Die breite, bürgerliche Protestwelle gegen die AfD, ausgelöst durch die Enthüllung von correctiv.org im Januar, hat Mut gemacht und ist ein wichtiger Schritt auch für die betriebliche und gewerkschaftliche Arbeit im Kampf gegen Rechts. Die schlechte Nachricht: die rechten Parolen bleiben und die Gewerkschaften sind nach wie vor schlecht aufgestellt, um effektiv dagegen vorzugehen. Die gute Nachricht: als gewerkschaftliche und parlamentarische Opposition können wir an der Wut der Kolleg*innen anknüpfen und wichtige Erfahrungen im betrieblichen Kampf gegen Rechts sammeln und verallgemeinern.

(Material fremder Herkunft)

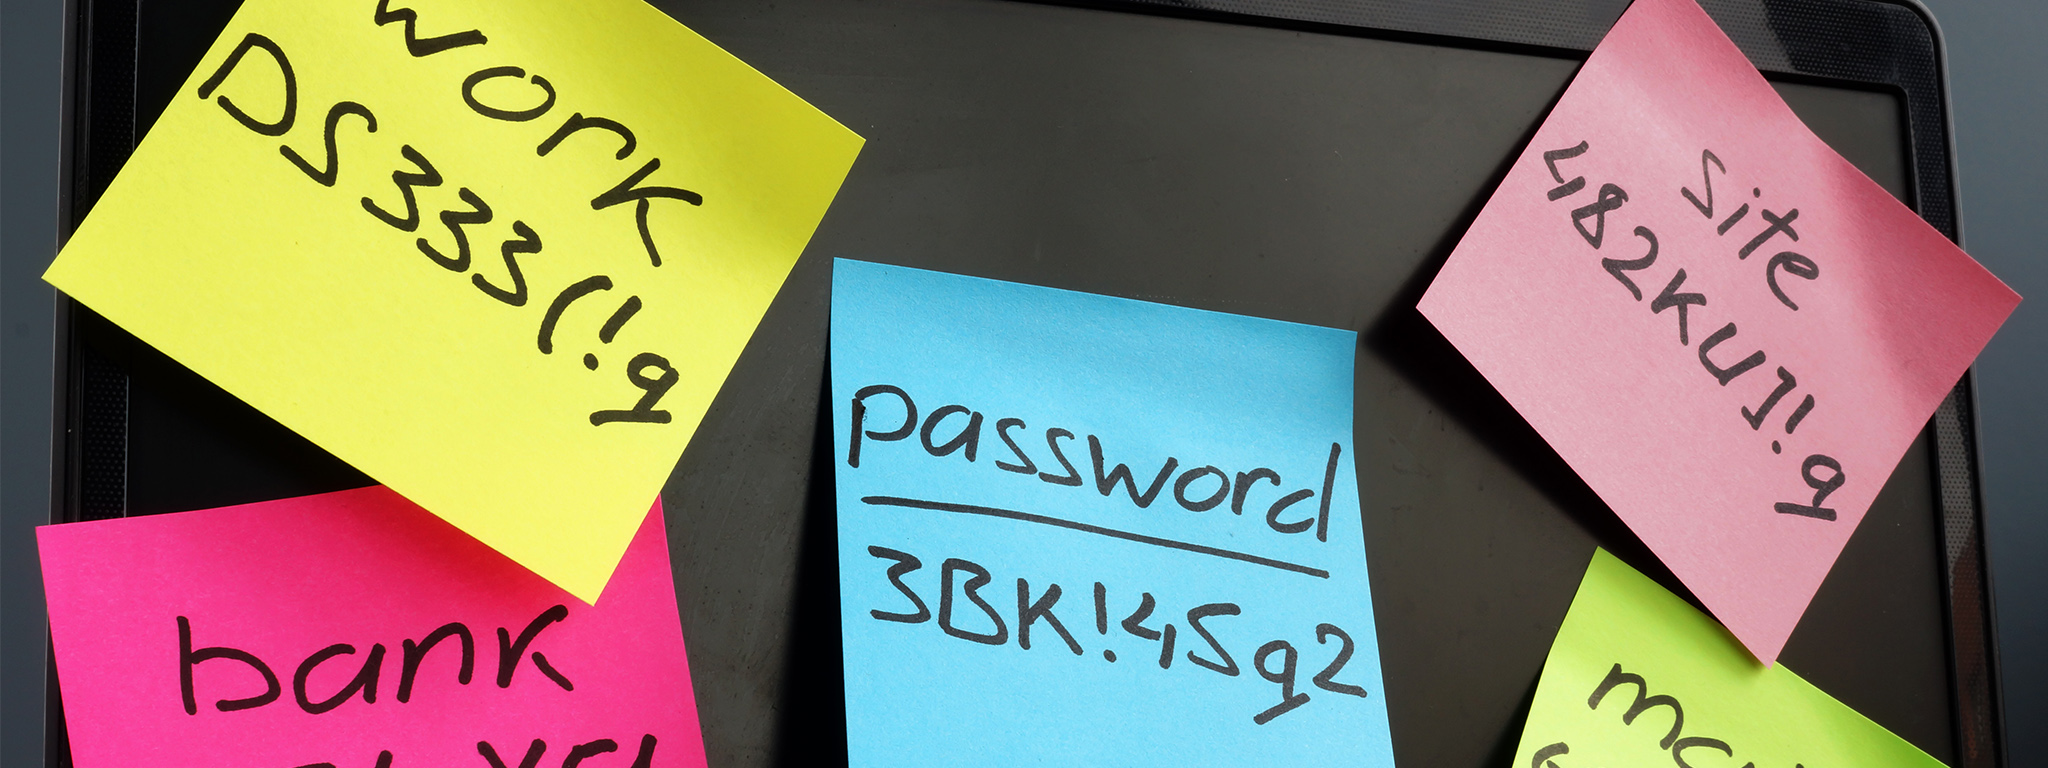 Управление паролями. Ноутбук с наклеенными на экран записками со сложными паролями.

Gemeinsam wollen wir uns praktische Beispiele antifaschistischer Betriebs- und Bildungsarbeit in den Krankenhäusern, bei der Post und weiteren Betrieben anschauen und nachhaltige Strategien gegen Rechtspopulismus und AfD in den Belegschaften entwickeln.


Theorie & Praxis - Wie geht sozialistische Betriebs- und Gewerkschaftspolitik?

Von der Krankenhausbewegung bis zur Tarifrunde im öffentlichen Dienst und darüber hinaus: immer größere Teile der Gewerkschaften erkennen die Notwendigkeit von Erzwingungsstreiks; immer mehr Kolleg*innen sammeln wichtige Erfahrungen bei der Demokratisierung ihrer Tarifkampagnen und Betriebsgruppen. Für uns als Sozialist*innen öffnen sich damit Spielräume für eine politische, konflikt- und an den Arbeiter*innen orientierte Gewerkschaftsarbeit. Wie können Kolleg*innen Arbeitskämpfe von unten führen und selbstbewusste Belegschaften ausbilden, die eigenständig aktiv werden? Wie lässt sich die organisatorische Stärke aus Streiks und Tarifrunden in Aktivengruppen übertragen, die über „Teekesselpolitik“ spontan handlungsfähig werden? Gemeinsam mit Kolleg*innen aus dem Krankenhausbereich und der Post wollen wir Antworten auf diese Fragen finden, unsere Erfahrungen teilen und Betrieb und Gewerkschaft als Kampffelder neu unter die Lupe nehmen


Eine Marxistische Analyse der Gewerkschaften

Gewerkschaften sind, so Marx, Ordnungsfaktor und Gegenmacht zugleich. Diesen Doppelcharakter besitzen sie seit ihrer Entstehung und bestimmen damit über Krieg und Frieden im Betrieb. Statt als Kampforganisation der Arbeiter*innen und Motor in Tarifauseinandersetzungen werden Gewerkschaften und ihre haupt- und ehrenamtlichen Funktionär*innen heute oft eher als vermittelnde und bevormundende Partei im Arbeitskampf wahrgenommen, die über die Köpfe der Belegschaften hinweg mit den Bossen Vereinbarungen treffen. Aber wie kann das eigentlich sein? Hier lohnt ein genauerer Blick auf die oft kritisierte "Gewerkschaftsbürokratie", die in Teilen konfliktorientierte Spielräume öffnet für selbstbewusste und klassenpolitische Gewerkschafter*innen, um sich ihre Gewerkschaft neu anzueignen.


Und ab geht die Post. Über Verteidigungskämpfe im Betrieb und die Rolle von Sozialist*innen

Mit dem Argument „ökonomische Sachzwänge“ treiben Konzernspitzen Arbeiter*innen und Gewerkschaften immer mehr in die Defensive – ob im öffentlichen Bereich durch Kürzungen oder durch Transformationsprozesse und Gewinneinbrüche in der Privatwirtschaft. Die Folge: massiver Personalabbau, Flexibilisierung und Arbeitsverdichtung auf Kosten der Kolleg*innen und der öffentlichen Daseinsvorsorge. Wie können wir als betrieblich Aktive mit „ökonomischen Sachzwängen“ umgehen, ohne uns vom Kapital vor den Karren spannen zu lassen? Mit welchen Strategien können wir „das Beste“ für die und mit den Kolleg*innen rausholen und gleichzeitig die erfahrbaren Widersprüche nutzen, um die Systemfrage zu stellen? Diesen und weiteren Fragen wollen wir uns anhand der betrieblichen und politischen Entwicklungen bei der Deutschen Post nähern und in die Diskussion kommen.